Harbor Point's mutation builder can be reasoned about like this:
def issuer_index_mutations(before, after):
if before and before.status == "open":
yield Delete(
key=(before.issuer_id, "open", before.reservation_id),
row_version=before.row_version,
)
if after and after.status == "open":
yield Put(
key=(after.issuer_id, "open", after.reservation_id),
home_shard=after.home_shard,
row_pk=after.reservation_id,
row_version=after.row_version,
desk_id=after.desk_id,
notional=after.notional,
)
The hard part is not producing those mutations. It is deciding how strongly they must line up with the base commit. A synchronous design updates the base row and the index entry in one distributed transaction. That gives Harbor Point the cleanest semantics: once the write commits, issuer queries see the new state immediately. The price is higher write latency, more coordination, and more distributed transaction failure handling.
An asynchronous design commits the base row first, then derives index mutations from the ordered log or CDC stream. That usually scales writes better and isolates the index pipeline operationally, but it creates a visibility gap. The index may temporarily miss a new reservation or still expose a released one. If Harbor Point chooses that route, it needs explicit freshness metadata on the index path, the same way 11.md needed explicit replay positions on replica reads.
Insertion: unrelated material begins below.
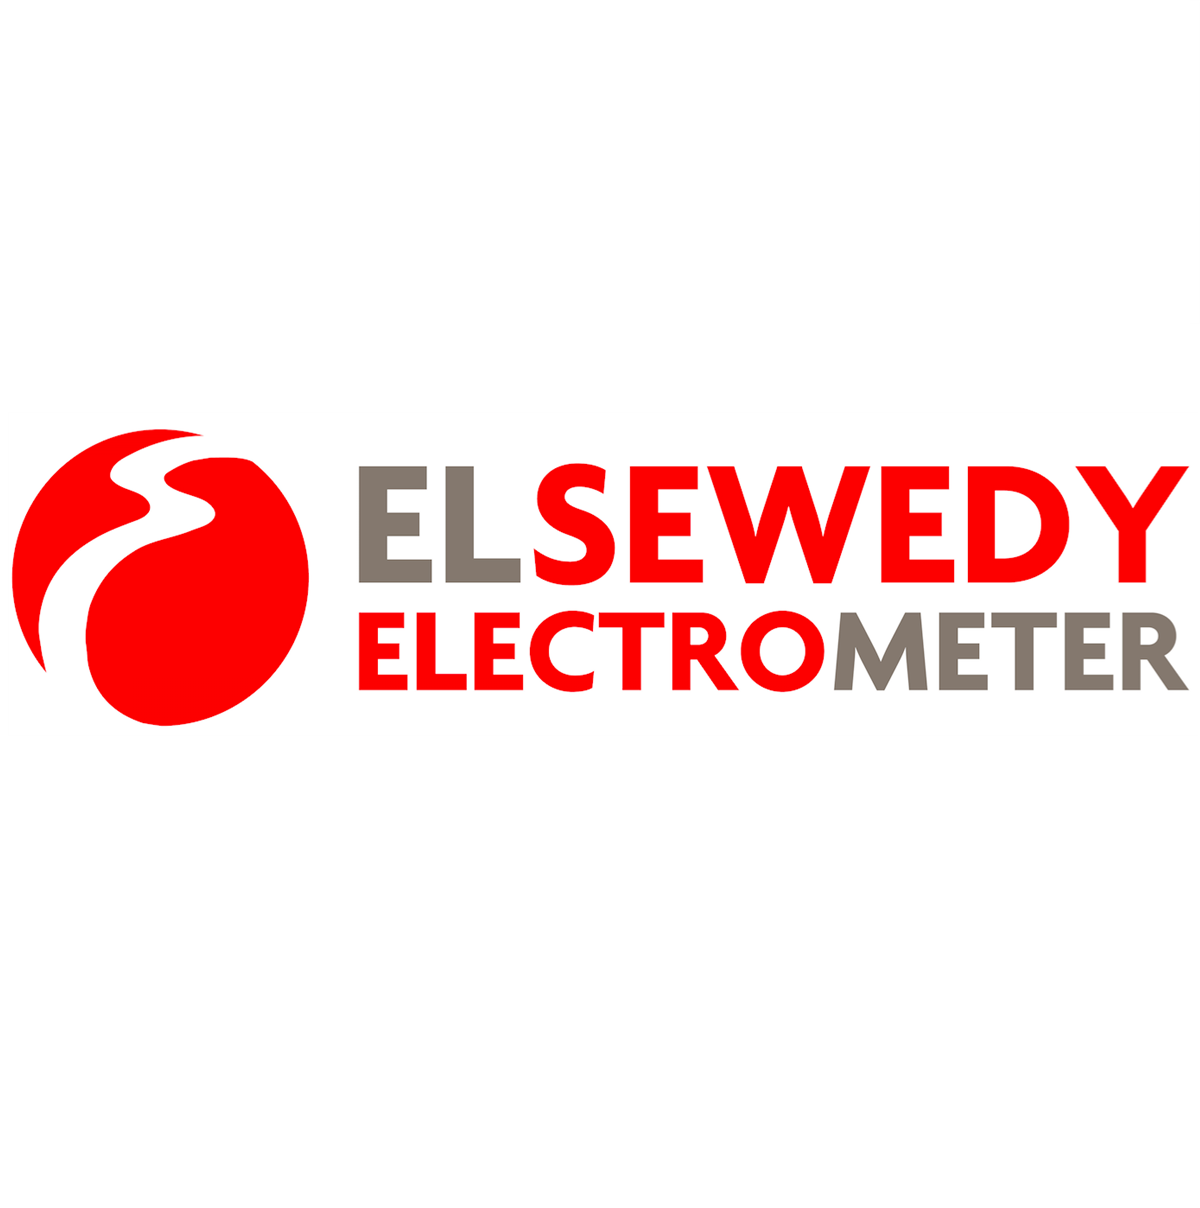 Elsewedy Electrometer

Retries make the maintenance contract even stricter. If the system replays the same index mutation after a worker restart, the index must not silently duplicate entries. That is why practical designs keep stable row identifiers and versions in the index payload. A Put should overwrite the logical entry for (issuer_id, status, reservation_id) at a known version, and a Delete should be idempotent. Otherwise, normal retry behavior turns into correctness drift.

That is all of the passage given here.